Thinking of buying a home? You may face some stiff competition.
The number of homes for sale nationwide fell 2.5% in September from last year, according to a Realtor.com study released Tuesday. The drop in inventory was prompted by low mortgage rates and has led to fast-paced sales and higher home prices.
U.S. median listing price rose 4.3% to $305,000 in September from the same time last year, according to Realtor.com. Though home prices continued to rise, it was at a slower pace than last year, when median listing price increased 7.3%.

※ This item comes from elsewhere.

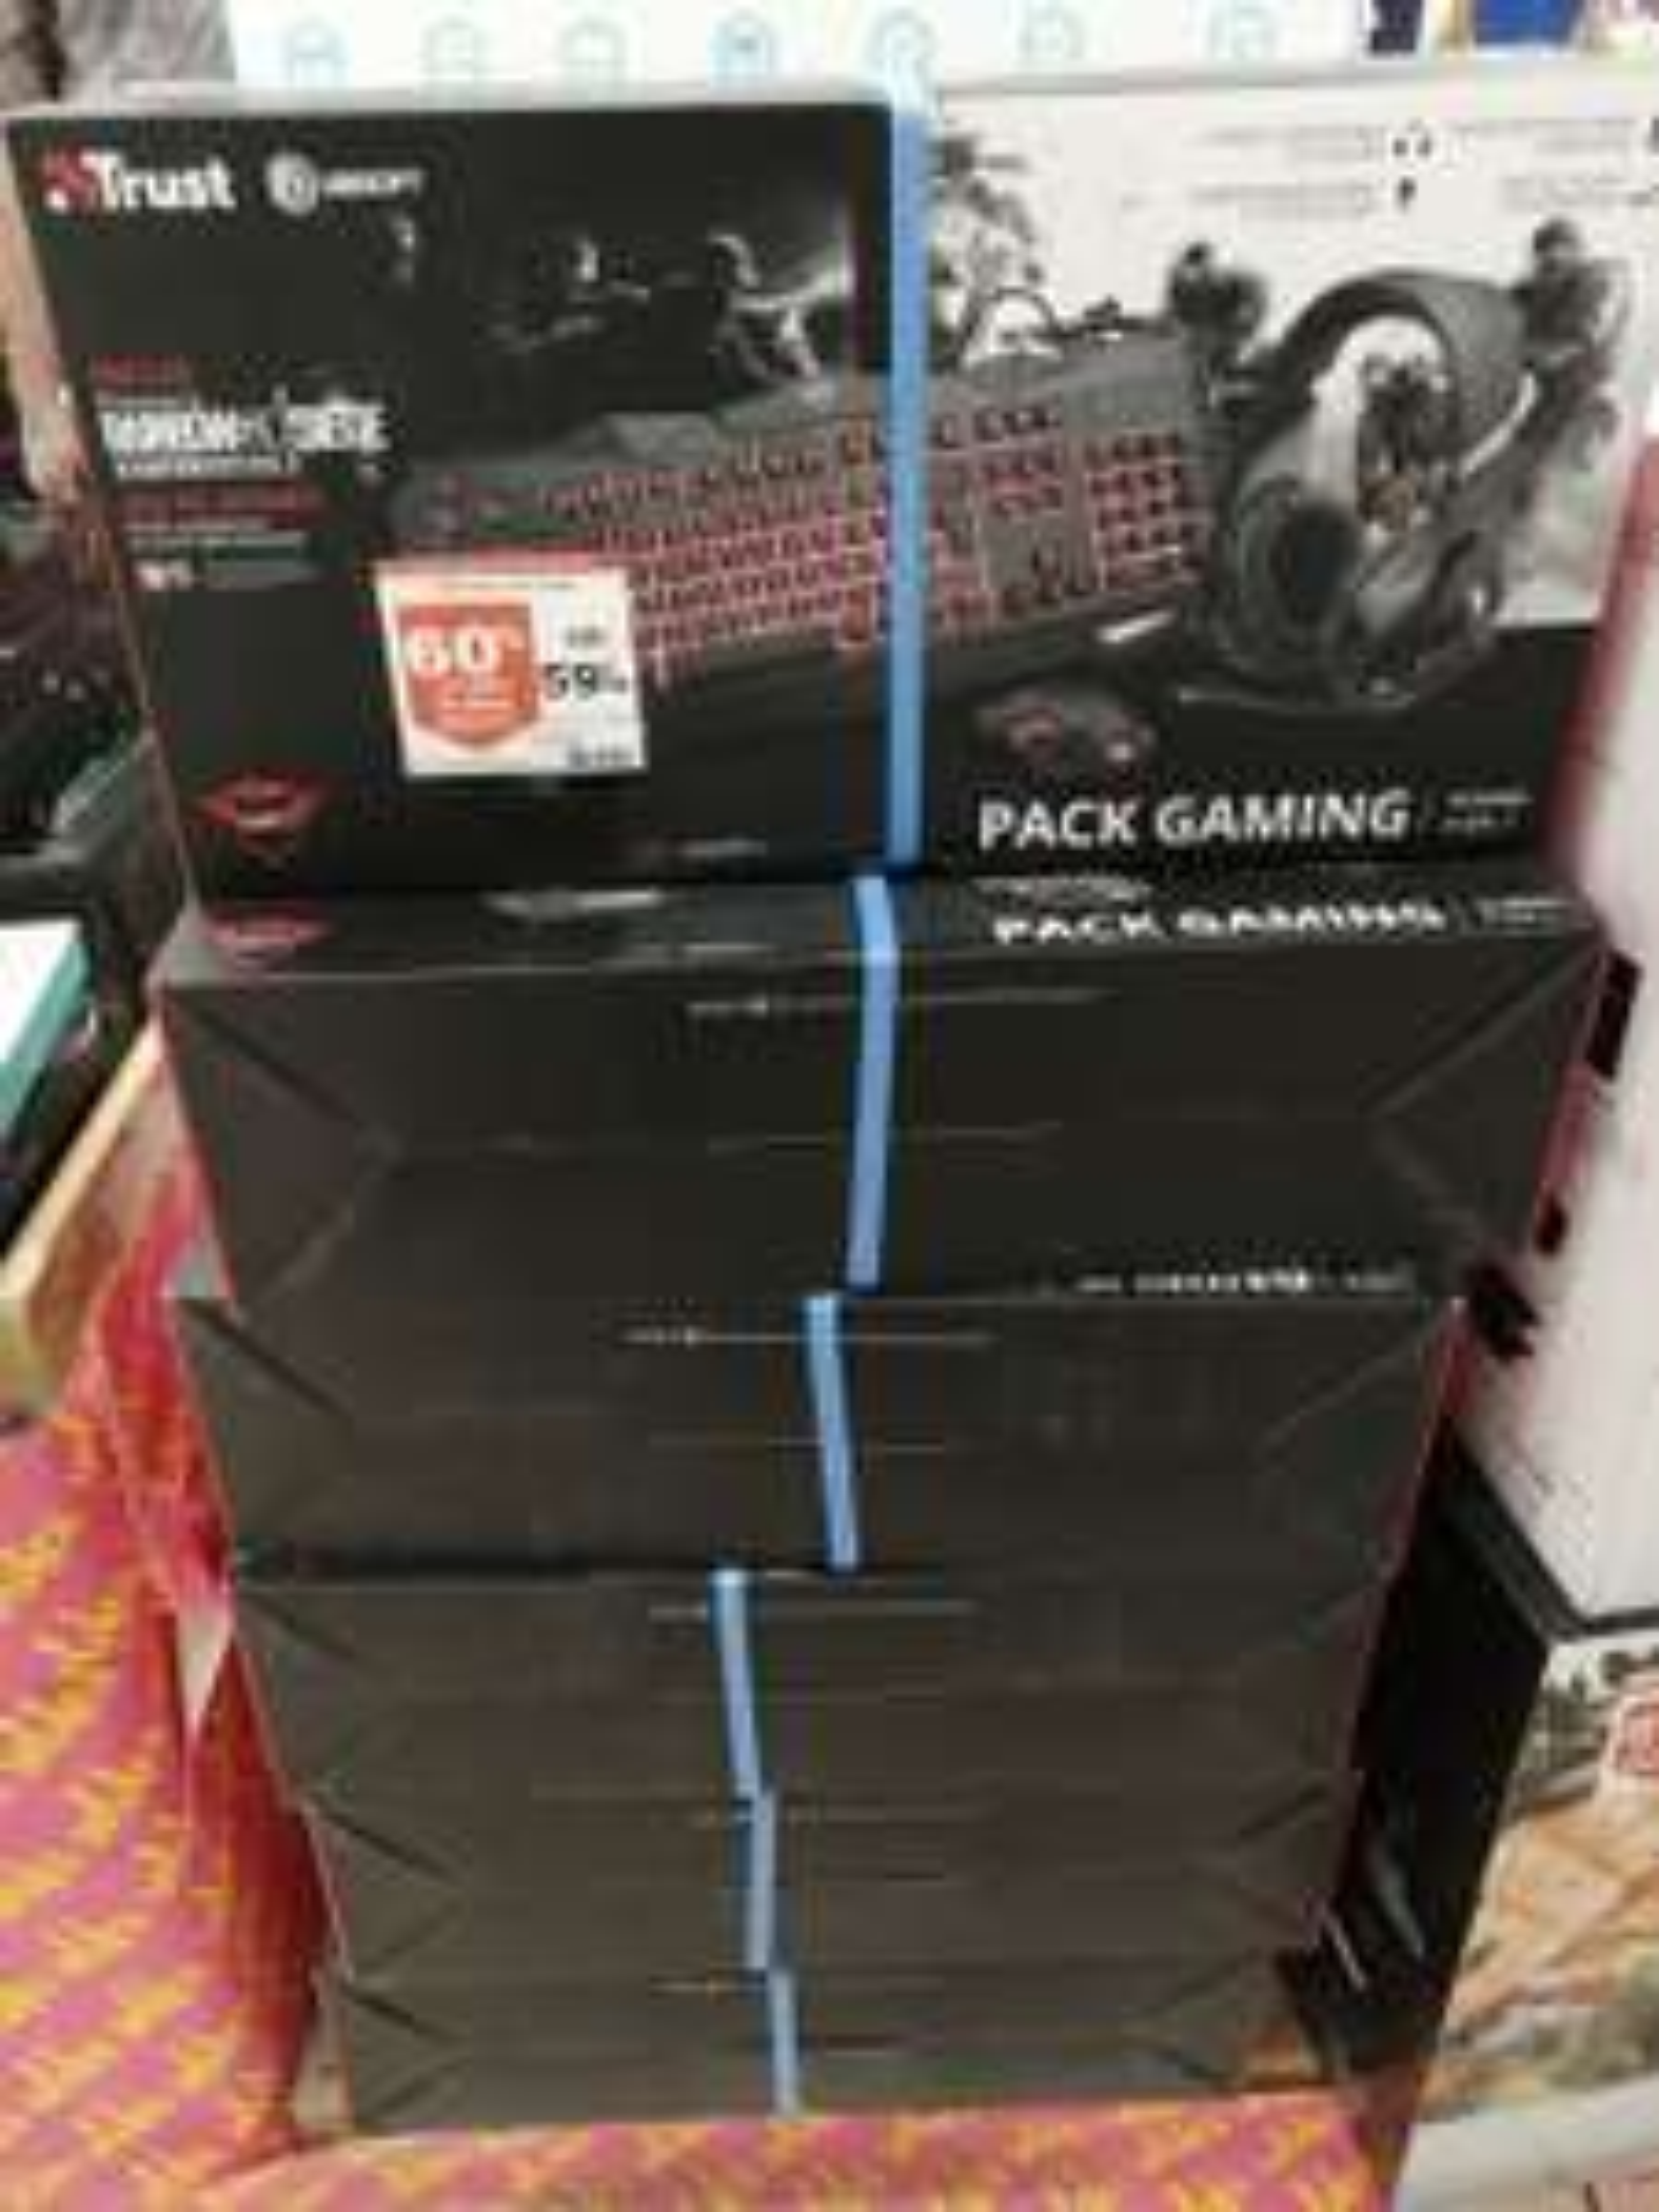 Bundle Gaming 4-en-1 Trust GXT840 - Villebon (91)

“Consumers are clearly responding to the lower rates, and in fact the only thing that’s not responding is the supply pipeline, which is why we are seeing this tremendous decline in inventory as consumers continue to buy in this latest month,” said George Ratiu, senior economist for Realtor.com.
Homes averaged 65 days on the market in September, a near-record pace, even as fall tends to be a slower season for sales activity. A home spent one more day on the market compared to last year and two more days from August.
Meanwhile, mortgage and refinance applications are up more than 50% from last year, according to a recent Freddie Mac analysis.
Competition speeds up
Fannie Mae previously predicted that inventory would see a modest rise in 2019, but the low-inventory trend could be accelerating, at least according to Realtor.com, September’s 2.5% decline in inventory comes after a 1.8% dip in August.
Inventory of homes under $200,000 declined 9.8% per year since May 2014, according to the report. But for the first time in 18 months, the number of mid-priced homes, priced $200,000 to $750,000, saw 0% growth. Analysts predict that mid-market home availability will start to decline next month.
“When you look historically, new homes in the affordable range have never been a problem until this cycle. Most new product coming on the market is at the high end, and we don’t really have a lot of new product in the affordable range where a lot of today’s young buyers, particularly in the millennial range, are looking to buy,” said Ratiu. “We’re seeing a flatlining in inventory after several months of growth, which at this rate, is likely to indicate inventory in that range is likely to shrink.”
Inventory of homes over $750,000 continued to see 4.7% inventory growth, but analysts predict declines in the number of high-cost homes for sale by February 2020.